Catherine Marie Drexel was born on November 26, 1858, in Philadelphia, Pennsylvania, to Francis Anthony Drexel and Hannah Langstroth. She had an older sister, Elizabeth. The Drexel family was very wealthy, having made a fortune in banking. Her uncle, Anthony Joseph Drexel, founded Drexel Institute of Art, Science and Industry in Philadelphia.
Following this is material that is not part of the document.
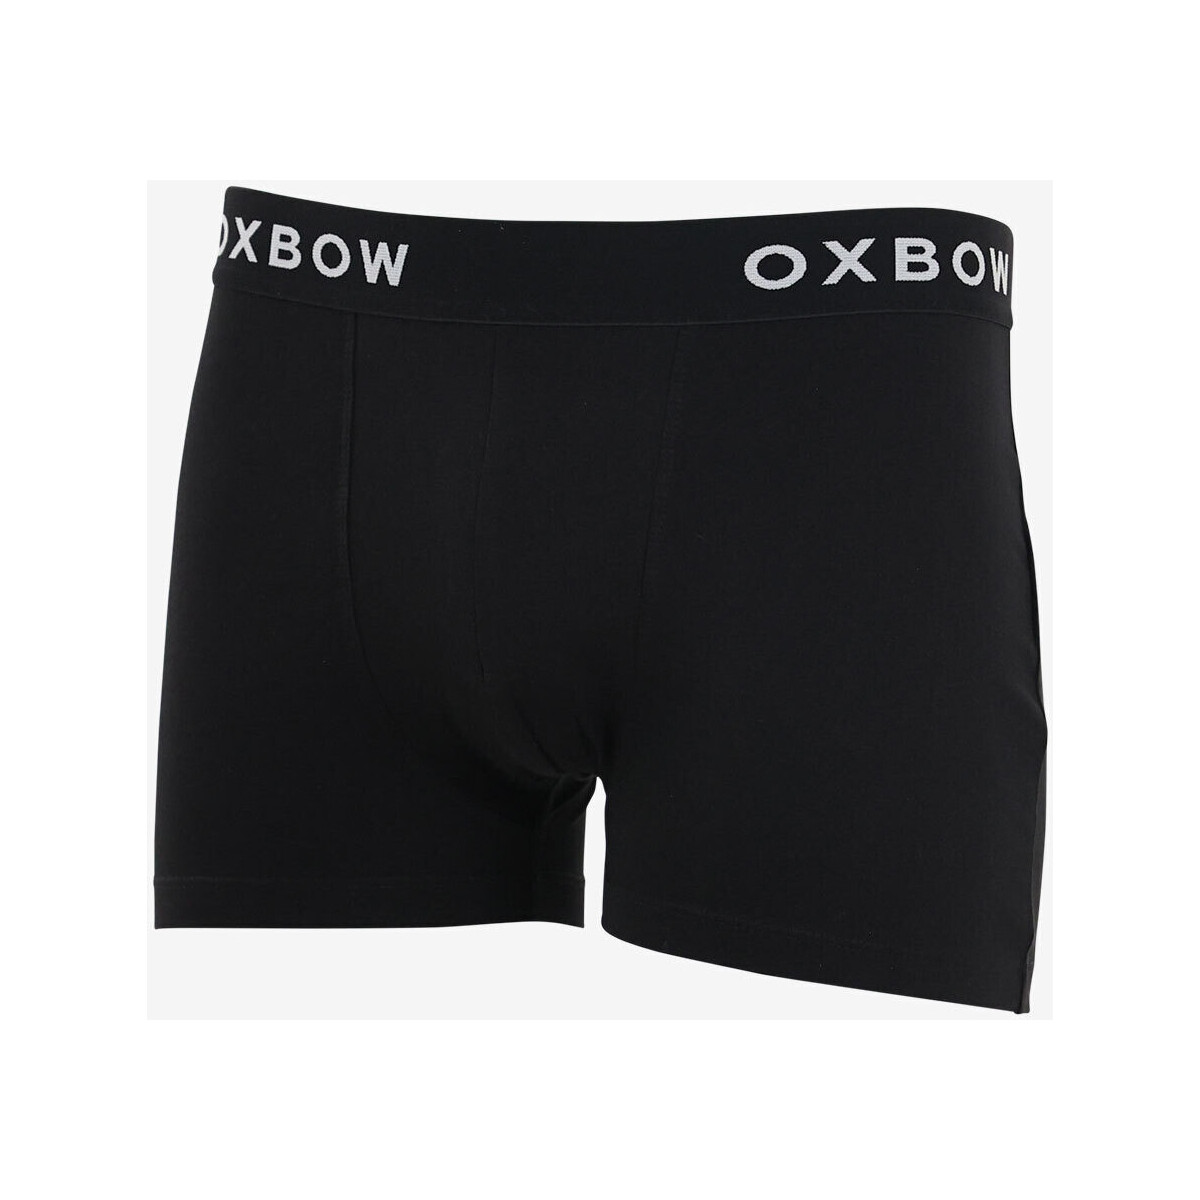 Oxbow Noir Lot de 2 boxers P2CASSIDY VtYWx0vB

Today it is Drexel University. Katharine's maternal aunt served as mother superior of the Society of the Sacred Heart in the Torresdale section of Philadelphia.

The Drexel family lived on a 90 acre estate in Torresdale. It was named St. Michel, after Saint Michael, the archangel. Hannah died five weeks after Catherine's birth. Her Uncle Anthony and Aunt Ellen cared for her and Elizabeth for the next two years. In 1860, her father Francis married Emma Bouvier and brought the two girls home. The couple had a third daughter, Louise, in 1863.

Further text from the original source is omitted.